[Exercise data Boundary: Start]
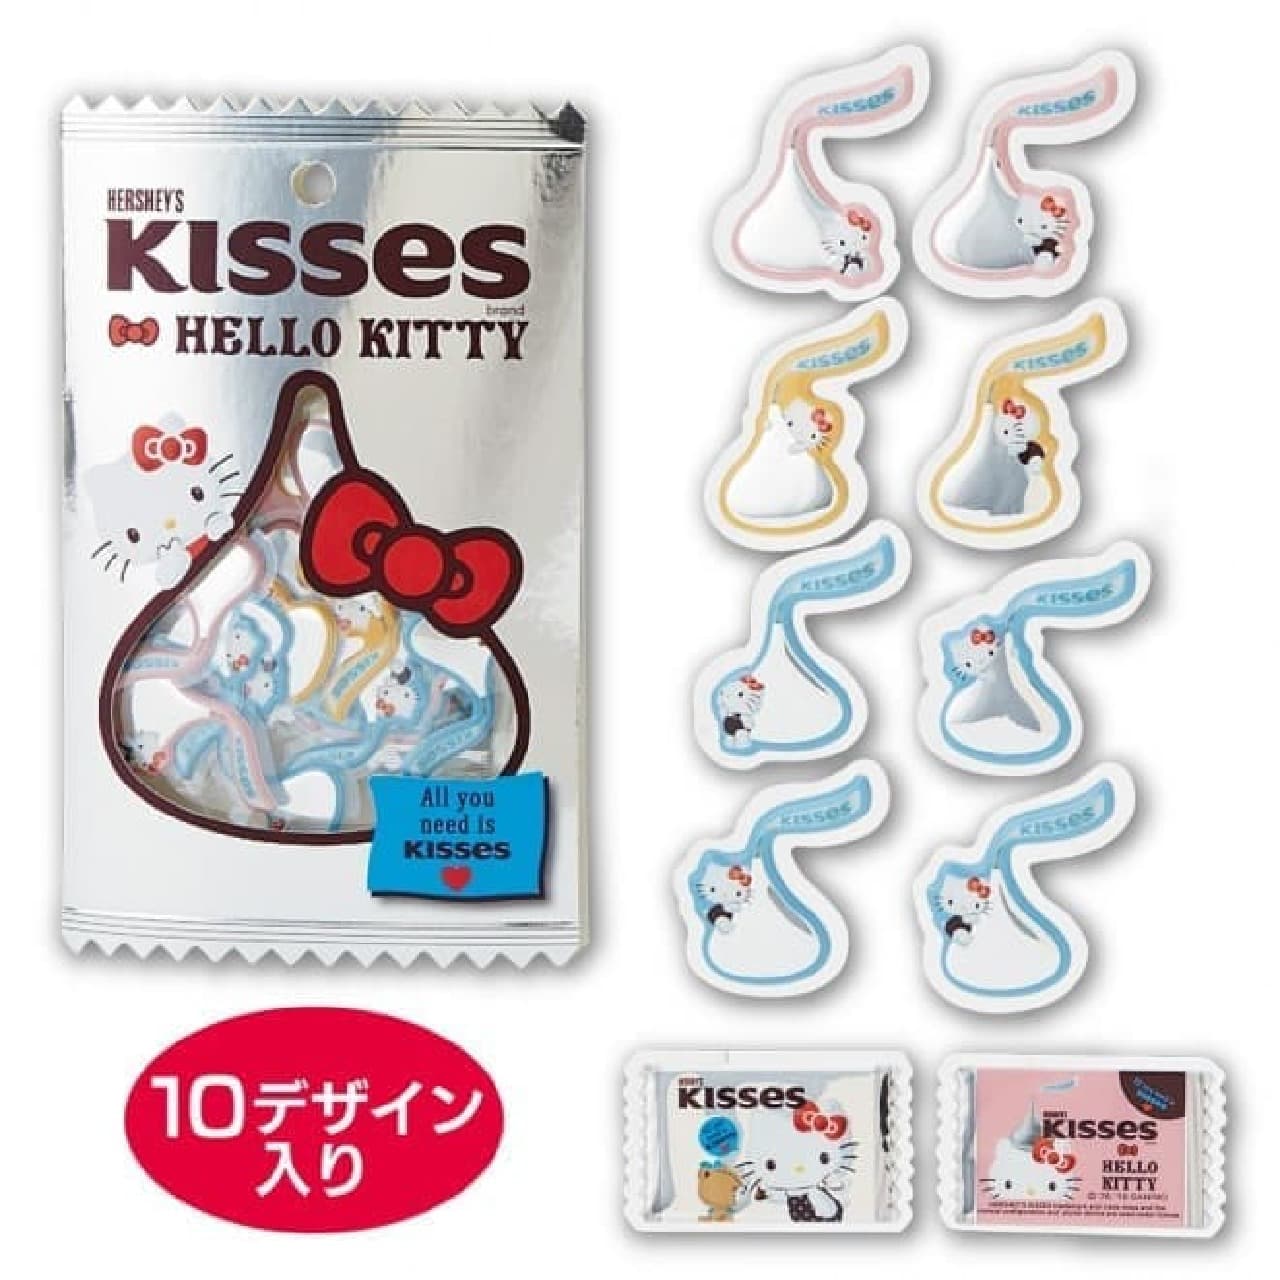 Kiss chocolate and Sanrio collaboration
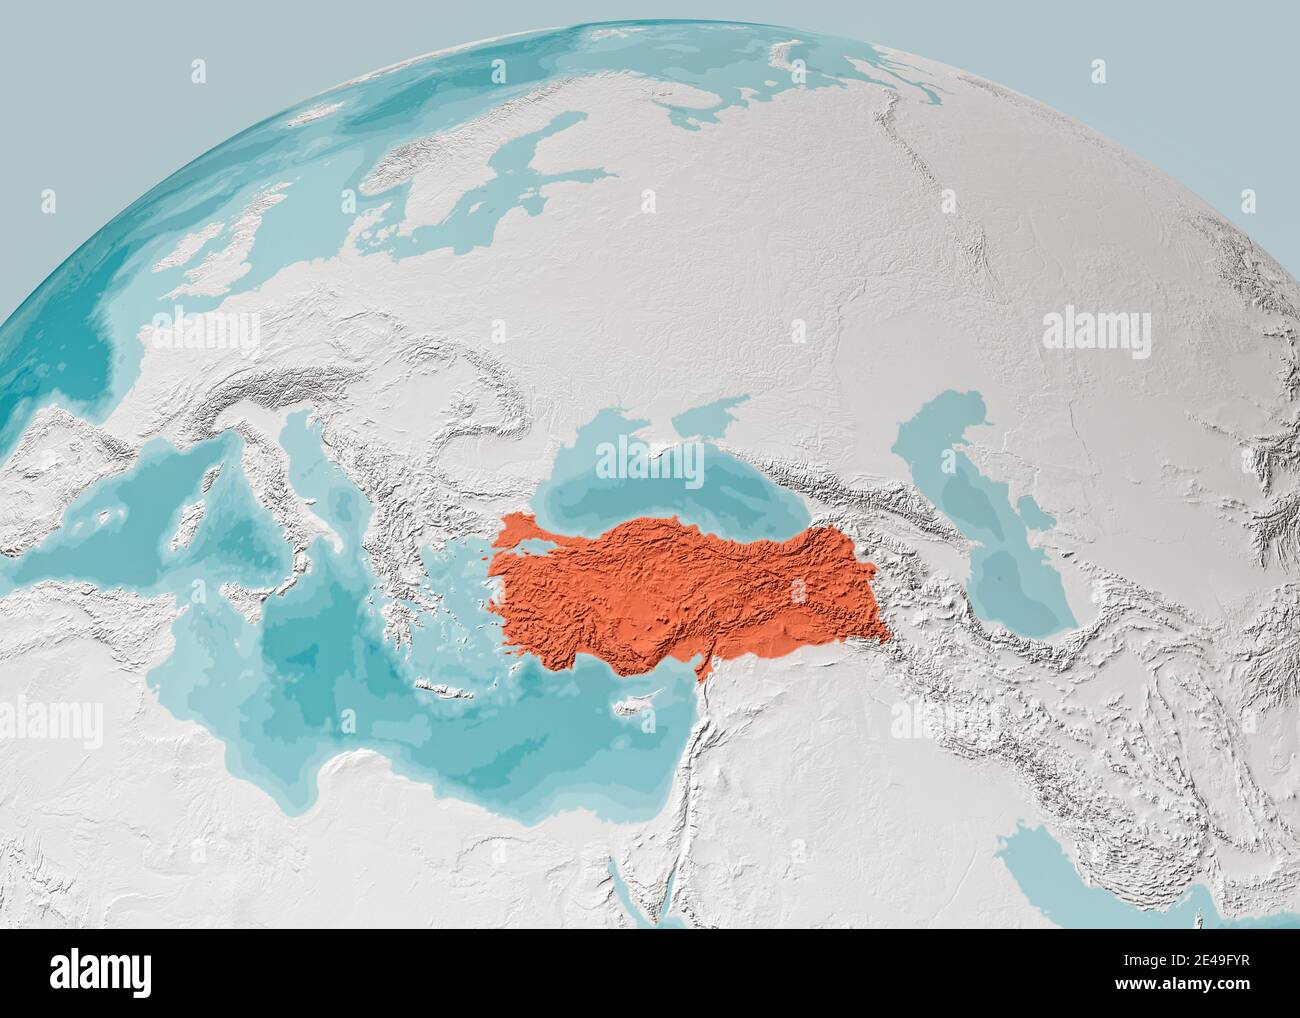 Weltkarte des Mittelmeers und der Türkei, Asien, Europa Afrika und dem Nahen Osten. Kartographie, geographischer Atlas. 3d-Rendering. Bathymetrie, unterw Stockfoto
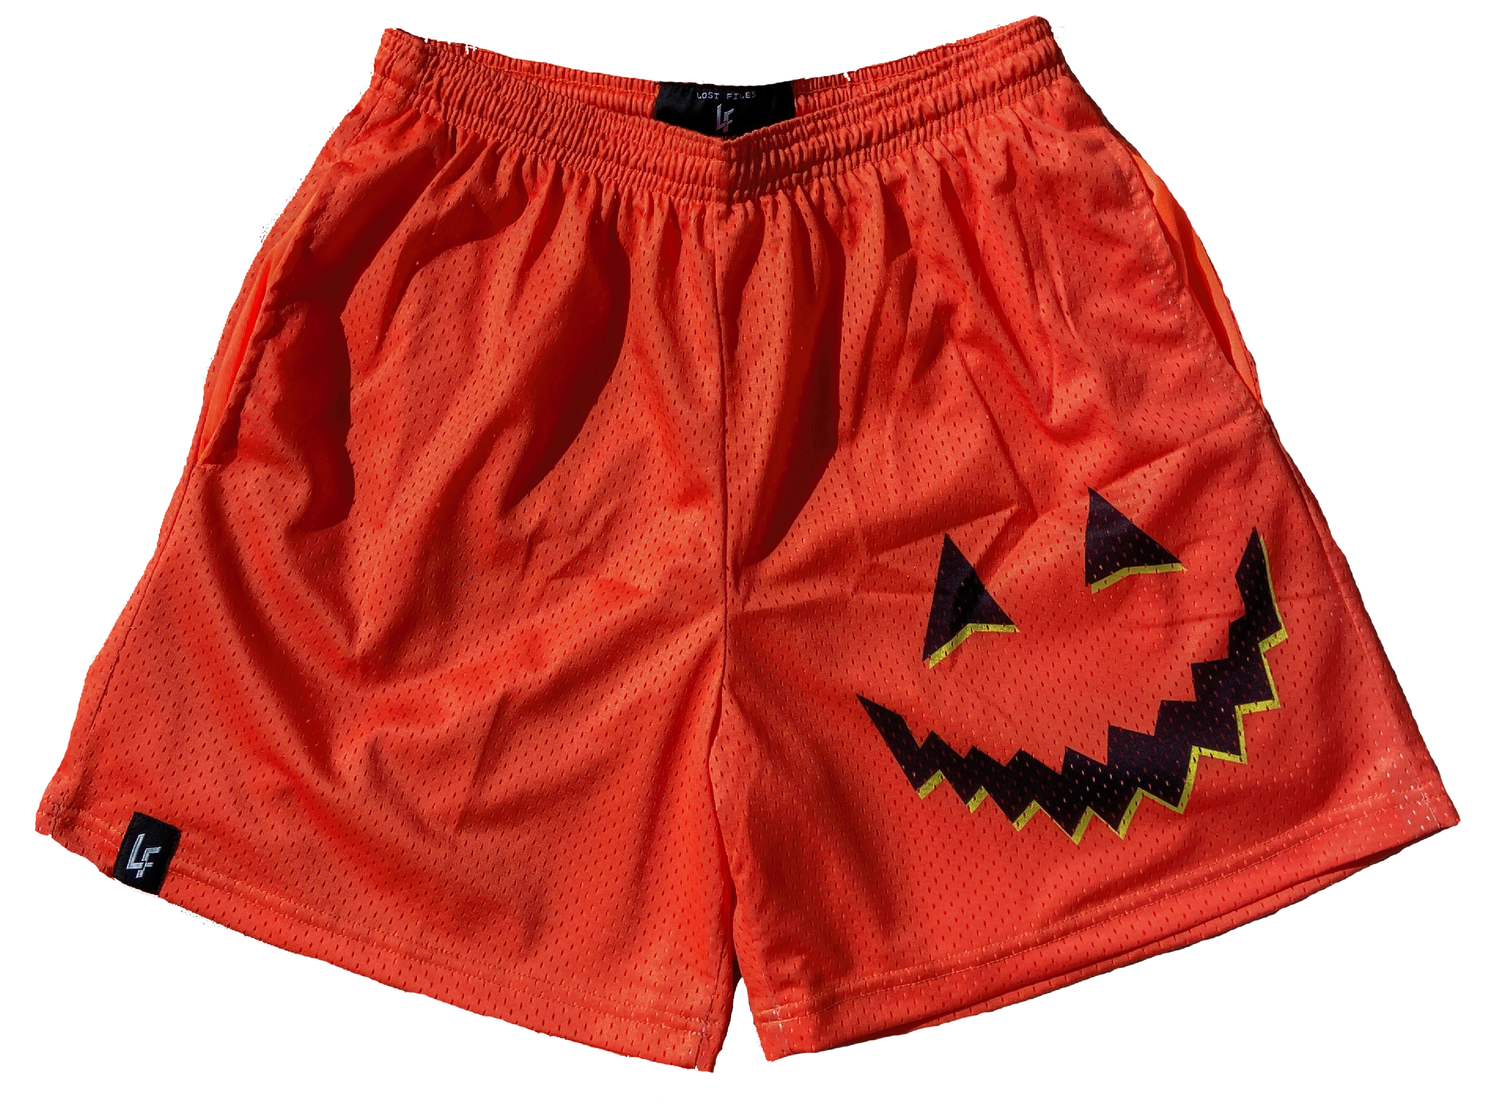 Jack-O-Lantern Shorts
[Exercise data Boundary: End]
All of the data must be set down exactly, with no pictures included.

 Kiss chocolate and Sanrio collaboration
 Weltkarte des Mittelmeers und der Türkei, Asien, Europa Afrika und dem Nahen Osten. Kartographie, geographischer Atlas. 3d-Rendering. Bathymetrie, unterw Stockfoto
 Jack-O-Lantern Shorts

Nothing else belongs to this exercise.